机车两人之间的距离狭小,风会吹动陈蘅之的发丝到她的脸上,怕掉下去,她还必须抱紧陈蘅之。
想到这里,盛江南抿了抿唇,看着陈蘅之,想从她脸上看出哪怕一点点玩笑的意思。
然而没有。
陈蘅之只是神色从容地站在那里,像是半点都不觉得骑机车会有什么不妥。又或者,她根本知道,只是故意装得冷静,好像只要她够镇定,这件事就真的一点都不暧昧。
她迎上盛江南的目光,微微偏头,唇角勾起一点极淡的弧度,反问:“怎么,Sybil 不敢?”

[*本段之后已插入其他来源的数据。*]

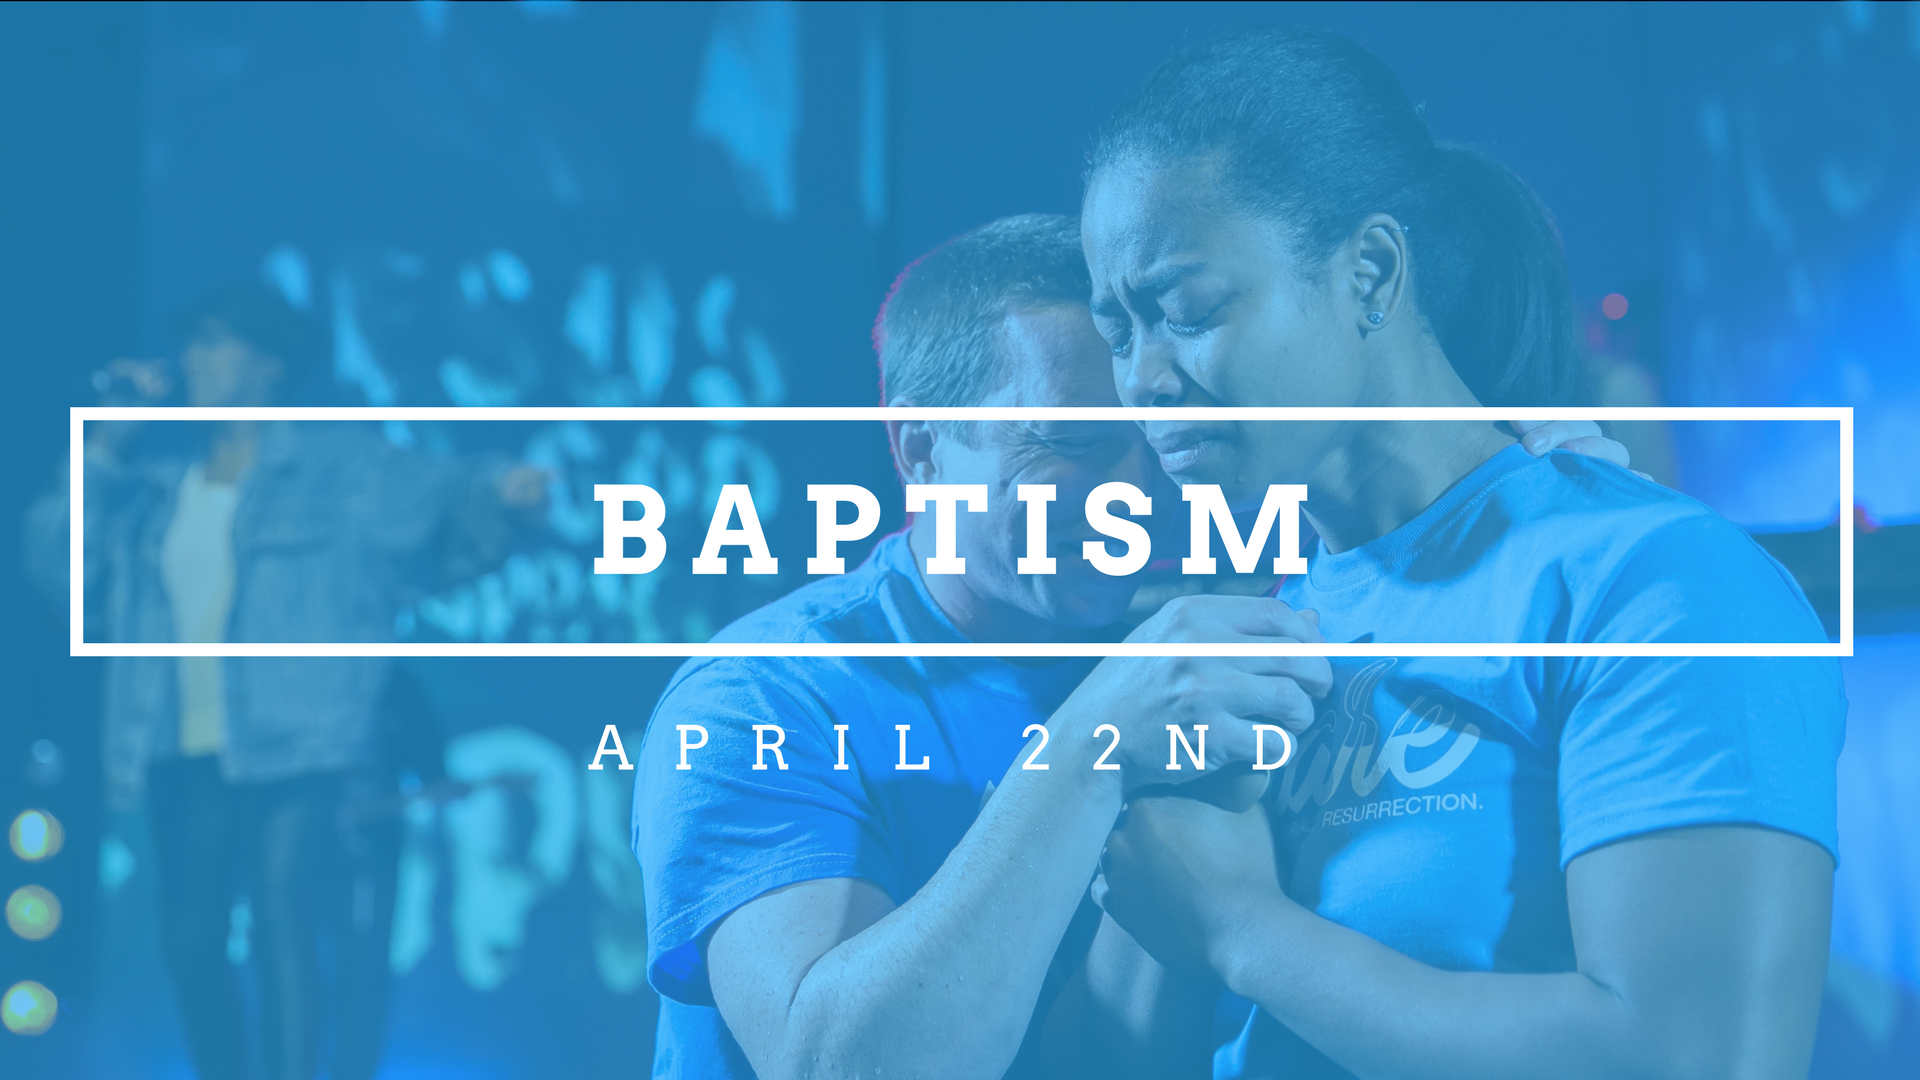 Baptism at ignite

盛江南最讨厌激将法!她扬起下巴,看着陈蘅之,冷道:“谁不敢!你别摔了我才好。”
“不会的,我的技术很好。”陈蘅之说。
话音落下,她利落地跨坐上车,动作流畅得好似确实很擅长骑车的样子。黑色的长发被她随手拨到身后,她的肩线挺直,微微俯身握住车把,这样姿势下,她纤细的腰显得极为清晰性感。
盛江南站在车边,望着她的背影,脑海里竟在这一瞬间不受控制地闪过武粤东方那一晚。
她才握紧过她的腰。
在昏暗的灯光里,在失控又混乱的喘/息中,她的掌心贴着她的侧腰,随着她的动作一点点收紧。
那时她就觉得,陈蘅之的腰细得过分,像是稍微一握就能整个拢住。而现在,那截腰就明晃晃地落在她眼前。
“还不上来?”陈蘅之侧过头,看了她一眼。
盛江南猛地回过神,压下那些不合时宜的回忆,一边戴上头盔,一边坐上后座,嘴上却还是不肯安分:“你有港城的机车驾照吧?我们应该不会半路被交通警拦下来吧?”
机车的座位比她想象中还要窄,她才刚坐稳,腿就已经不得不贴上陈蘅之的两侧,膝盖更是轻轻抵在她的大腿外侧。两个人之间本来就没剩多少距离,这样一来,几乎连空气都变得逼仄了。
“我有,你要这么担心的话,不如想想自己的保险受益人是谁。”陈蘅之淡淡地笑了下。
盛江南轻哼了一声,她挺直了脊背,手悬在半空,一时间竟不知道应该放在哪里。
搭在后座?好奇怪啊。抓着车身?会掉下去吧。
难道要抱住陈蘅之吗?
她的指尖蜷了一下,呼吸也有些轻,挡风镜下的眼眸垂了垂。
就在这时,陈蘅之发动了车子。她的头盔在盛江南思考的时候已经戴上,引擎低低地震动着,连带着整辆车都颤着。震动顺着座位一路传上来,贴着她的腿.根和腰侧,莫名叫人觉得心里一麻。
“坐好。”陈蘅之的声音隔着头盔传过来,略微有些闷,却仍旧能够听出独属于她的淡然。
盛江南还没来得及反应,机车已经驶了出去。
车子驶出车库,越过庭院,冲下半山的坡道。惯性猛地一带,她身体不受控制地往前一倾,手终于本能地伸了出去。指尖先是虚虚地搭到陈蘅之的西装外套上,下一秒,车子一个加速,她整个人不得不更紧地往前贴去,手臂也顺势环上了她的腰。
隔着衬衫和西装,她依旧能清楚地感受到那截腰的柔韧。
近乎是下意识的,她顺着她的肌肉摸了一把。而后,她就感觉到掌心下的那人紧绷了一下。
“你老实点。”陈蘅之垂眸看了眼盛江南抱在自己腰上的手,警告道。
意识到自己做了什么,盛江南浑身一僵,连忙将手放好,不再放肆。
风从两侧吹过来,卷走了半山清晨最后一点凉意。车速越来越快,盛江南不敢松手,她收紧了手臂,整个人也向前了些,头盔几乎碰到了陈蘅之的肩胛。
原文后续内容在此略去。